Notice I have two spoons in my hand? One of the spoons is from the lye water and the other is from the oil pot. The same with the thermometers. After a few stirs, (and when the spoon stops dripping), I place one of the spoons back into the lye water container because two  spoons aren't necessary.  When the thermometers stop dripping, they go into the lye water container as well. I follow this process to prevent drips from spilling either on the newspaper or any part of the floor not covered. At this point, I set the lye water container aside and concentrate on the soap pot.

After stirring for a few minutes, it is time to use the stick blender.

I normally don't hold the spoon and stick blender in the same hand but to take the picture I had to hold the camera too!  My experience with the stick blender is that it has a lot of potential to splash the soap around the pot (and onto your face) if you don't submerge the entire blade and blade cover into the pot first. Three or four short 5 second bursts are all that is needed here.  Then stir with the spoon for one more minute. Three or four more blasts on the stick blender again and it is time to add the scented oil. If you wanted to add color, now is the time to do that as well. I also add the super fat oil now.

Stir with the spoon for one more minute. Use the stick blender again for one to two minutes until the soap traces. Trace is the stage of the process that tells you the soap is ready to go into the mold. The soap will get thick like you are making instant pudding but before it sets. When a spoonful of soap dribbles back into the pot and you can see where it landed, you are at trace.  Depending on the recipe and the scented oils, it could take three or four minutes to trace. If it takes longer then a minute or two, I usually stop and stir again with the spoon but it really isn't necessary.  You can use the stick blender until it traces. Here is a picture of my soap at the trace stage.

Pour it into the soap mold. Pour slowly so it doesn't spill or splatter. Once in the soap mold, I usually even the soap out, similar to what you would do with cake batter when you pour it into the pan.

At this point, I cover the soap with some plastic saran wrap. This will help keep air off of the soap and prevent white ash marks from forming on the soap.  I haven't had a problem with ash forming on my soap in many years but I still use the saran wrap.  Here is a picture of the soap with the saran wrap on it.
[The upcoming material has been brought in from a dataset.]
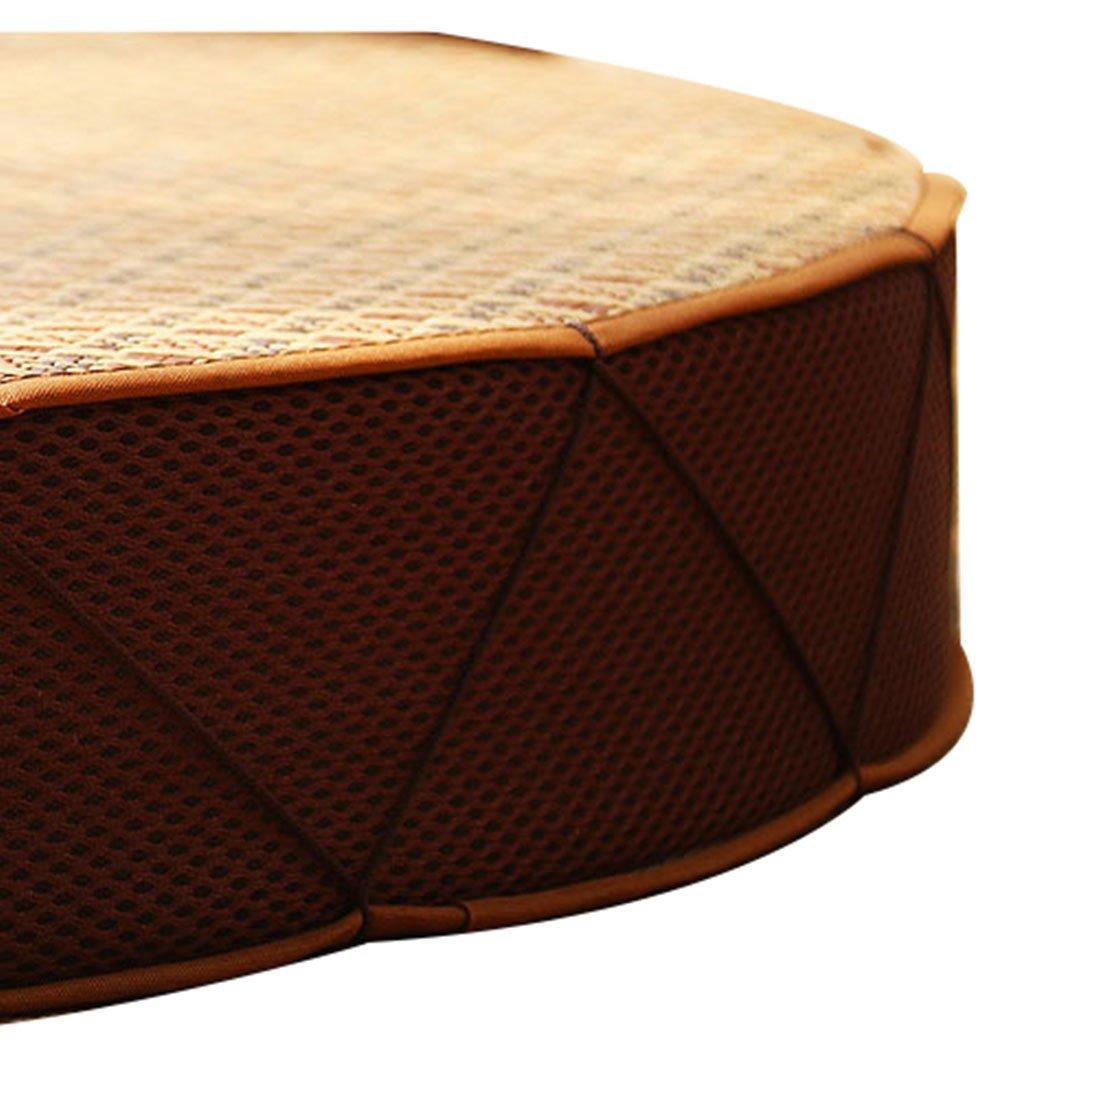 Round Wood Tree Soft Plush Chair Seat Cushion Stump Shaped Pillow 11.8x1.6inch by Fandim Fly (Image #5)

 Now, it is time to cover the soap up and let it sit to finish the chemical process. Insulate it well to keep the heat in. It should get good and hot - it needs to or you won't get soap. I insulate with newspaper and then old towels.  Once the top of the mold is slid on, wrap it in newspaper. I use scotch tape to hold it together.

Depending on who is home or coming home soon or if it is almost dinner time, I may place the mold in the oven. Most times, I put it on the counter. First put down a few towels on the counter, then the mold, then wrap with additional towels.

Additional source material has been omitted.